A New Look at Old Languages: The Indo-European Language Tree

The scholars that have studied the origins of the human vernacular have been of two minds in history; the faction that believes in the cultural scenario of the advancement of human speech, and the stalwarts who believe in the biological scenario of the evolution of language.

Image via ethnologue.com

Image via ethnologue.com

The Cultural Scenario

This is the belief that language is simply a cultural artifact that is to be studied like fossilized bones, pottery, or stone knives. This group of linguists believe that our spoken vocabulary was developed relatively recently in time (within the last 100,000 years).

The Biological Scenario

These groups of linguistic historians (which include American linguist Noam Chomsky) believe that the human language is a result of purely biological circumstances, and that it is a natural occurring part of human evolution that has slowly progressed over a period of hundreds of thousands of years, if not millions. In this scenario “language” was as evolved as it was ever going to be around 100,000 years ago.

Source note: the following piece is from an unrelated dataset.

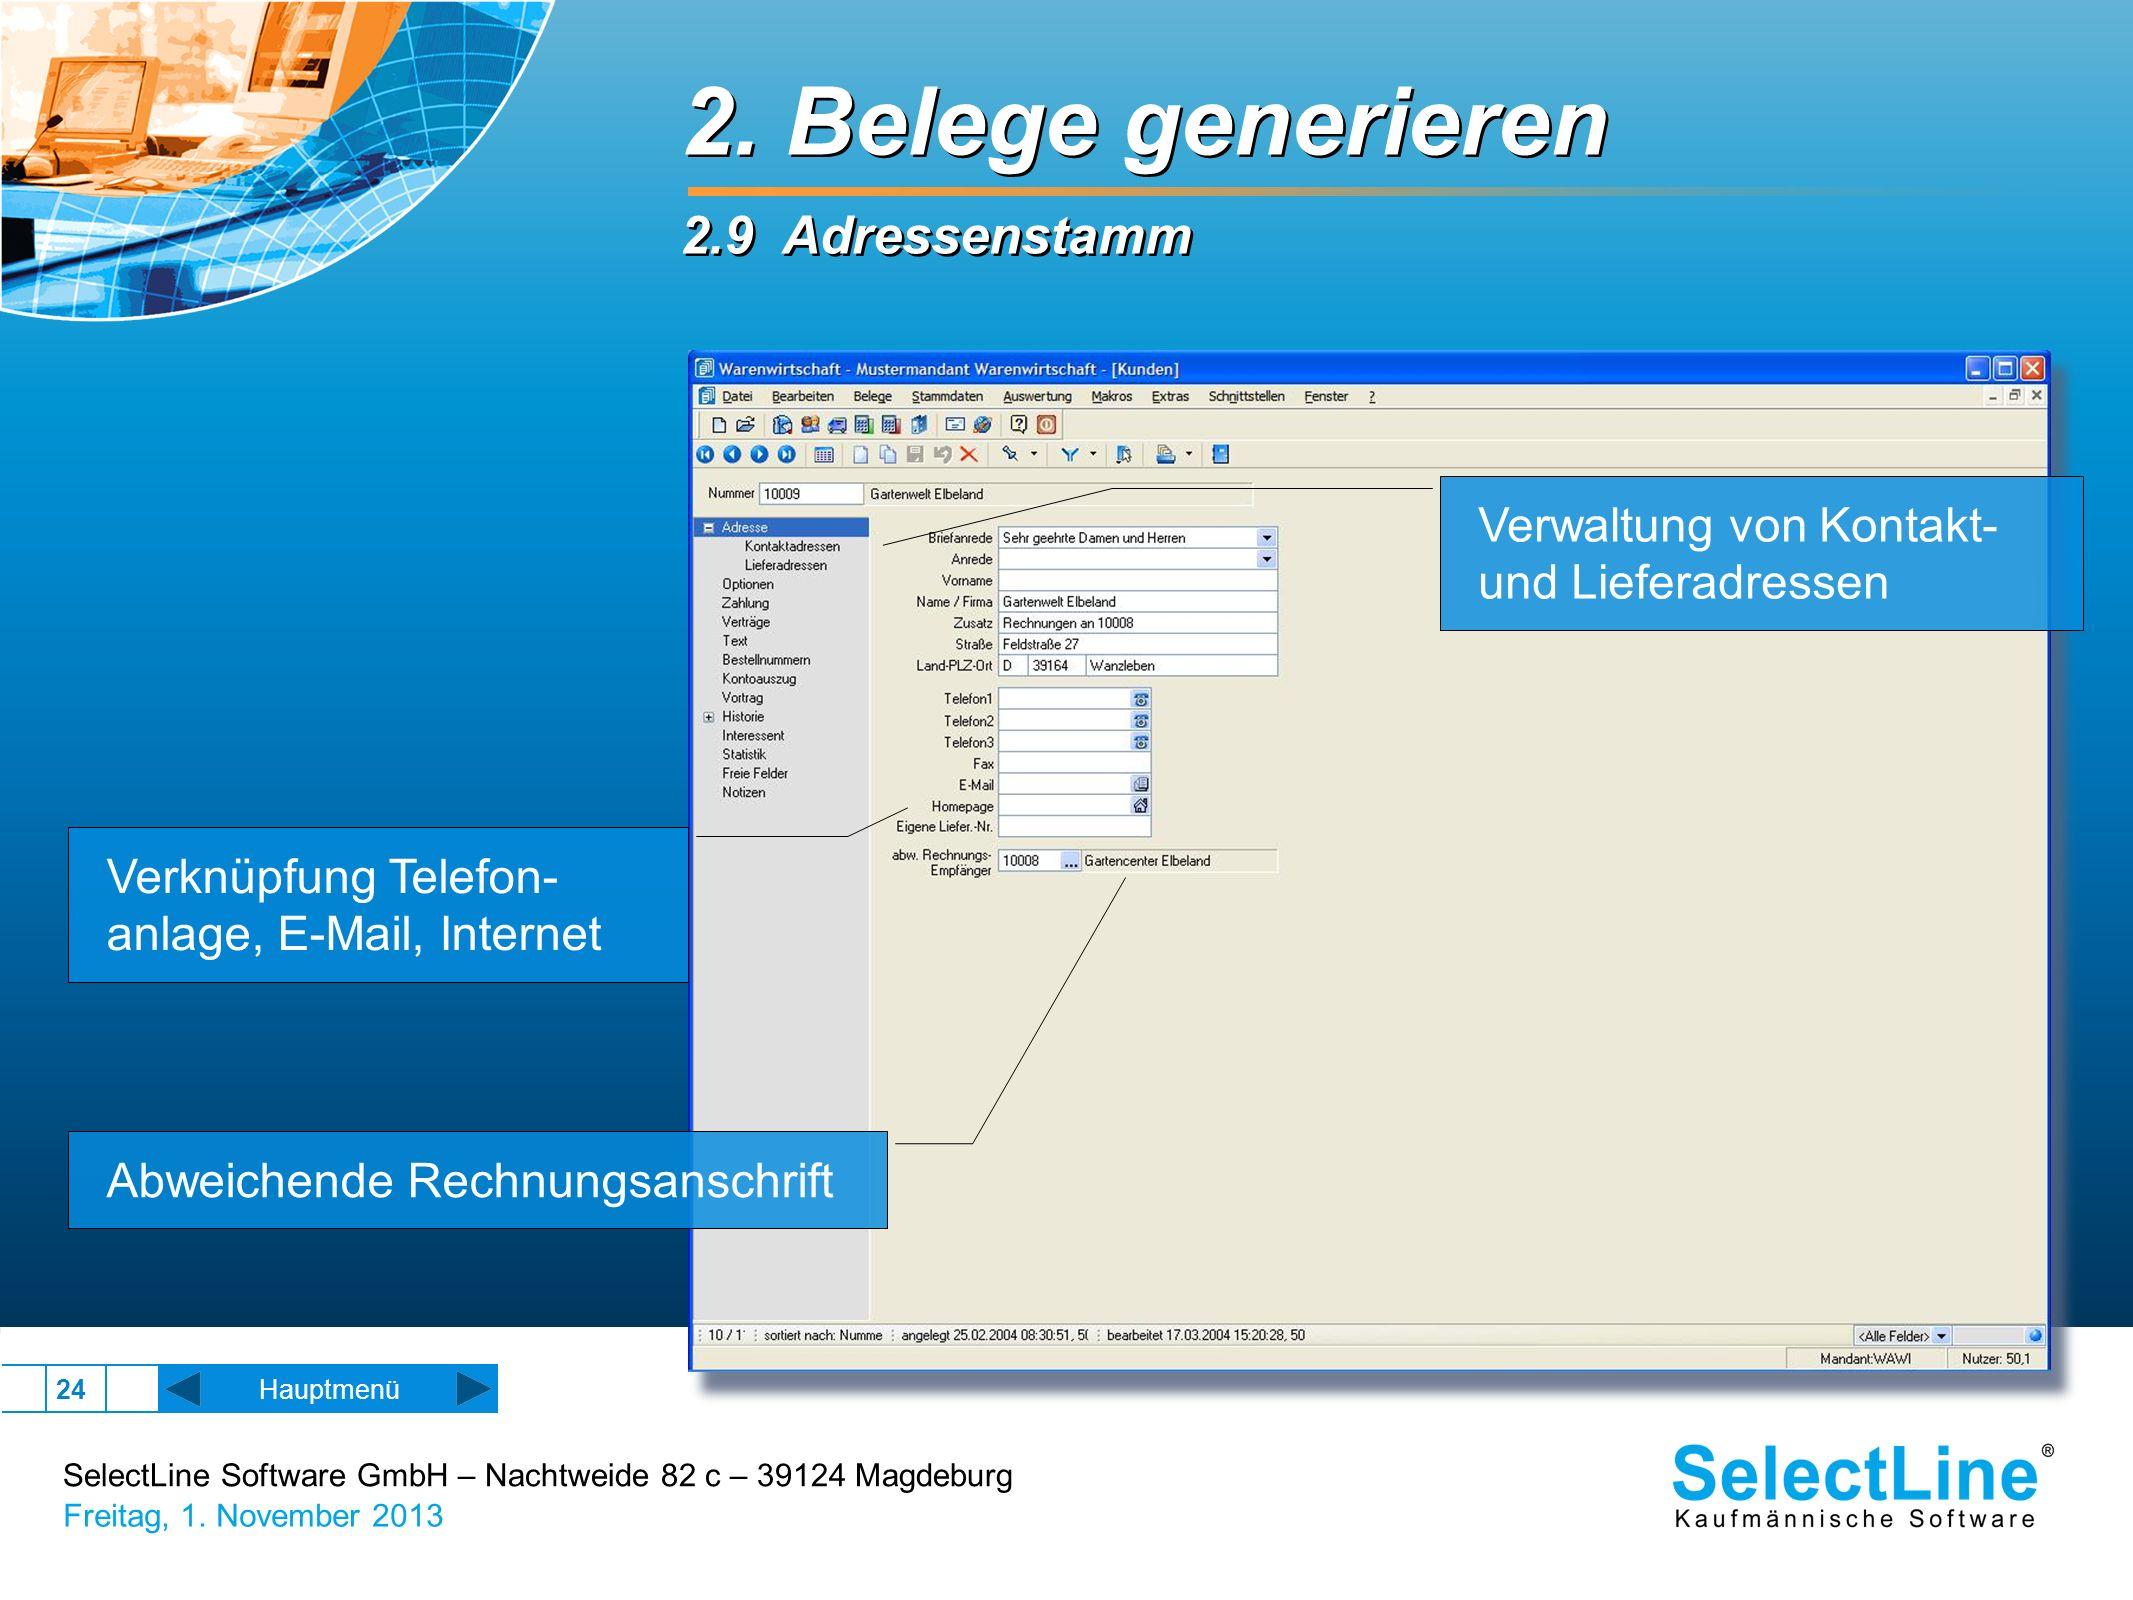 SelectLine Software GmbH – Nachtweide 82 c – 39124 Magdeburg Freitag, 1. November 2013 24 2. Belege generieren 2.9 Adressenstamm 2. Belege generieren

In either hypothesis, what is absolutely agreed upon between the two is the monumental role that the human “tongue” has played in advancing cultural traditions, and regional social unity across the planet.

Modern language

Language is widely believed to have originated from a centralized source that was surrounded by the cradles of ancient civilizations around the region of the Black Sea, known today as The Middle East, Russia, and the Baltic Region. The first form of traceable dialect was called Anatolian that began to spread over 8,000 years ago. It is said to have even pre-dated Latin. This ancient basic root of modern voice moved across the continent and beyond from the outskirts of India, all the way to the tip of South America.

The Language Tree

Just like the tree of life, the tree of language shown in the graph Old World Language Families grew slowly from thin branches that eventually flourished over the ages into the great tree trunks that form the foundations of modern civilization. The Anatolian seedling grew to form Tocharian, Armenian, Greek, Albanian, Indo-Iranian, Balto-Slavic, Germanic, Italic, and Insular Celtic.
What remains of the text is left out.